Every line of the records below that has the word "color" should be copied.

[Records drawn from a dataset]
★ ★ ★ ★ ★

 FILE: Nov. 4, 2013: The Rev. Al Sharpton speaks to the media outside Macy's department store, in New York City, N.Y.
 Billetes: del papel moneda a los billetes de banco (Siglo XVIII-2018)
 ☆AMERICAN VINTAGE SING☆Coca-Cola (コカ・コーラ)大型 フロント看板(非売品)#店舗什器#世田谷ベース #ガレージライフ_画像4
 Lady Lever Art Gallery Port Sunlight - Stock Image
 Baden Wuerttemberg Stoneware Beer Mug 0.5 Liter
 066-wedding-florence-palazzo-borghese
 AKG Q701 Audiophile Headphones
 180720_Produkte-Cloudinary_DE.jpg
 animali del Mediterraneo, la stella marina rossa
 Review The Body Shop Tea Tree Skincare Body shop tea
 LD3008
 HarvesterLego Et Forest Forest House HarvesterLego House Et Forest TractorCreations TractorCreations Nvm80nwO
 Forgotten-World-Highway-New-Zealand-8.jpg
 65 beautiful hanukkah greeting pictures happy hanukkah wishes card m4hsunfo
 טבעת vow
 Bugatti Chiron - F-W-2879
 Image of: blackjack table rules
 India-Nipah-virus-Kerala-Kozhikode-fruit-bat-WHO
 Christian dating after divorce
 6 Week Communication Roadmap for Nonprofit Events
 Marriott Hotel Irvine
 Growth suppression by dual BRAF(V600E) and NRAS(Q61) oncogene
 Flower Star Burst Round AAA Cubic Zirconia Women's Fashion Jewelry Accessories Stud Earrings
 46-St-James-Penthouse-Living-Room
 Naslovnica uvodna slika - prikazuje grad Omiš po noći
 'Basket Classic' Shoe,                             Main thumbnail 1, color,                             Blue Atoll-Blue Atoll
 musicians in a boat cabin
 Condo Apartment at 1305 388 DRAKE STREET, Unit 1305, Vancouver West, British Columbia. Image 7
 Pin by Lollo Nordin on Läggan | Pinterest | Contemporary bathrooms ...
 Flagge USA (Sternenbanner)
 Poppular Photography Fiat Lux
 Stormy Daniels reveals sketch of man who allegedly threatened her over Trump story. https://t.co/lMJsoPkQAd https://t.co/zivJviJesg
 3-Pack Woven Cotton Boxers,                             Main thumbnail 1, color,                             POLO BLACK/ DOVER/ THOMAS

★ ★ ★ ★ ★

**COMPLETED TASK**
 'Basket Classic' Shoe,                             Main thumbnail 1, color,                             Blue Atoll-Blue Atoll
 3-Pack Woven Cotton Boxers,                             Main thumbnail 1, color,                             POLO BLACK/ DOVER/ THOMAS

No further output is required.